Расставание с Нарциссом. Опыты поминальной риторики - Александр Гольдштейн
Шрифт:
Интервал:
Закладка:
На эту тему Николаем Адуевым был написан стихотворный роман-гротеск «Товарищ Ардатов» (1929), очень оптимистичный, как оптимистичным был, вернее, хотел быть, за единственным ярко выраженным исключением, весь литконструктивизм. Ардатов, герой гражданской войны, оказался погребенным под развалинами склада, откуда он выбирается шесть лет спустя, уже в эпоху нэпа. Как и положено, приспособиться к ней он не может. Нэп стал триумфом рационального подхода к жизни, отказом от идеократического утопизма. Техника есть символ эпохи, избравшей своим девизом компетентность, техника необходима всюду, от государственного строительства до искусства любви и воровского ремесла. Адуев — восторженный трубадур зажиточной и перспективной России, вернувшейся к здравому смыслу. Один из характерных мотивов романа — шахматы, часто встречающийся в искусстве того времени (Маяковский, Тихонов, Безыменский, Е. Полонская, назвавшая Ленина «шахматистом народных смятений»; вспомним также Нью-Васюки Ильфа и Петрова и «Шахматную горячку» В. Пудовкина). Шахматы представали не столько символом социально-классового манихейства (черные и белые), сколько выражением идеи порядка, одолевающего хаос, строгой комбинаторики современного логического (не идеологизированного) мышления. Не случайно в романе играется дебют Рети, визитная карточка гипермодернистского направления в шахматах.
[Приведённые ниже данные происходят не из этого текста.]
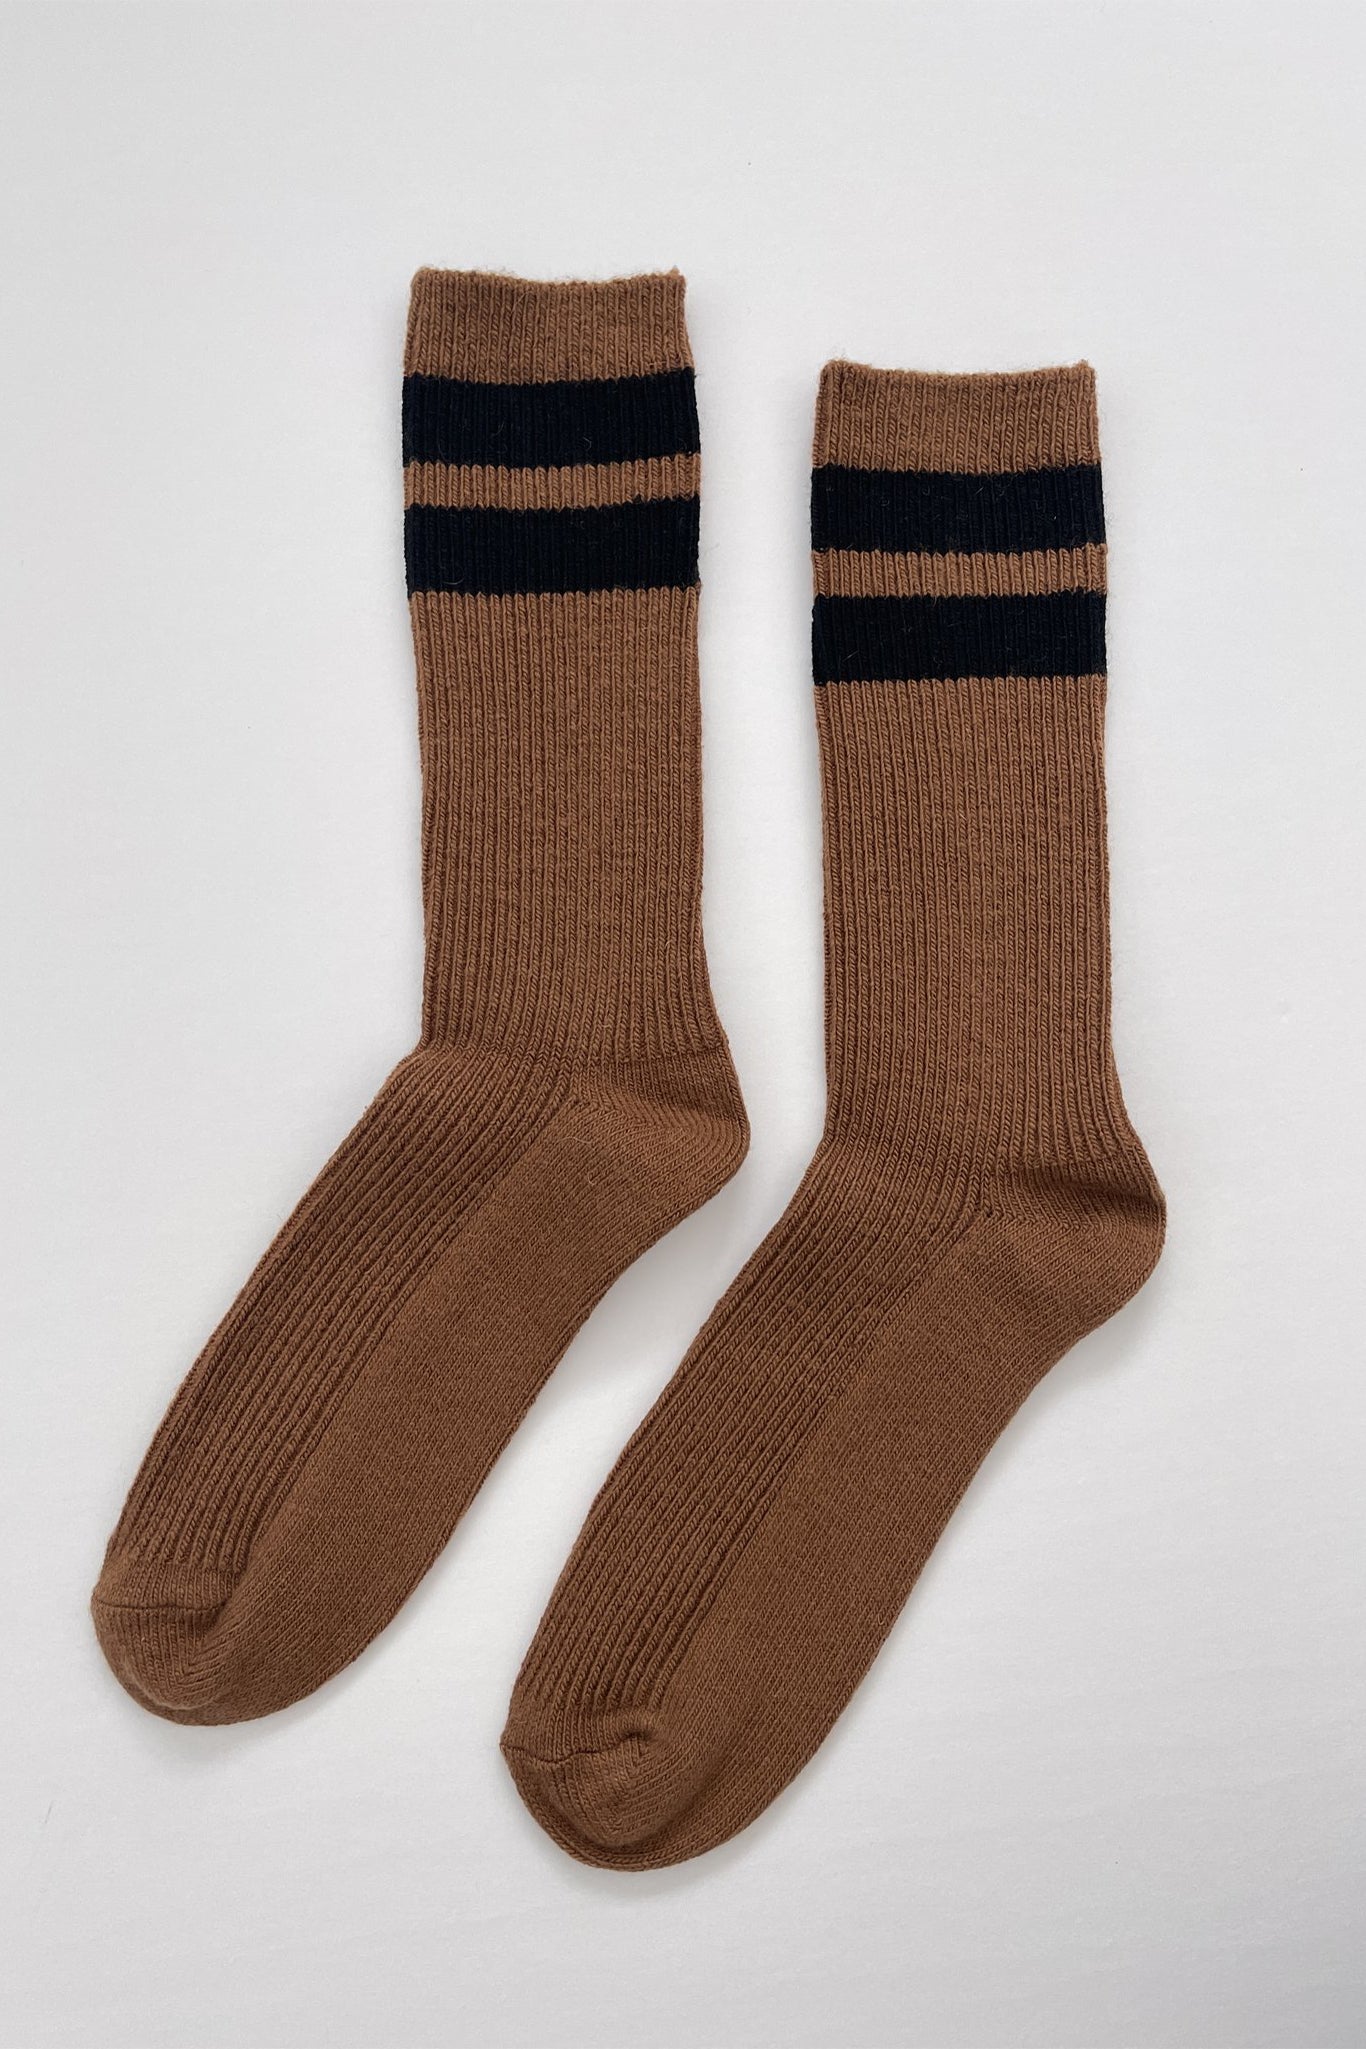 Le Bon Shoppe Grandpa Varsity Sock - Tawny – M.PATMOS

Что особенно нравится Адуеву в современности, это четко работающий механизм выдвижения людей сообразно их деловым качествам. Сельвинский в конце 20-х годов на сей счет держался уже обратного мнения. В «Пушторге», самом изощренном и горьком из текстов ЛЦК, показано, как грубо и зло отторгает власть искренне желающую сотрудничать с ней интеллигенцию. Селективный принцип вновь изменился. Верх в системе берет совсем не та бюрократия, на которую надеялись констры. «Сила „Пушторга“ в том, что автор еще в 1927 году предчувствовал сталинщину», — писал Сельвинский Дм. Молдавскому (письмо от 20 августа 1964 г.)[44]. Трудно сказать, так ли это. Но в любом случае «Пушторг» — крик тревоги о том, что разладились прагматичные селективные механизмы, и целый общественный слой, столь необходимый стране, те самые русские американцы, оказывается прямым кандидатом на насильственное выталкивание из общества. Главным героем романа избран блестящий нэповский директор Онисим Полуяров, якут, получивший образование в университетах Стокгольма и Лондона и мечтающий сделать из России Европу. Полуяров сам является торжеством селекции, образцовым соединением первозданно-природного, якутского и ультрасовременного начал. Это чудесное сочетание безжалостно забраковано обществом. Система отвергает нужных ей людей, потому что на самом деле они ей не нужны. К власти приходит новая элита — некомпетентные (в традиционном смысле) бюрократы-партийцы, равно далекие от идейных фанатиков военного коммунизма и лояльных к интеллигенции прагматиков нэпа. У этой элиты иные цели, другие замыслы и поползновения, рациональность и энтелехия. Полуяров кончает жизнь самоубийством.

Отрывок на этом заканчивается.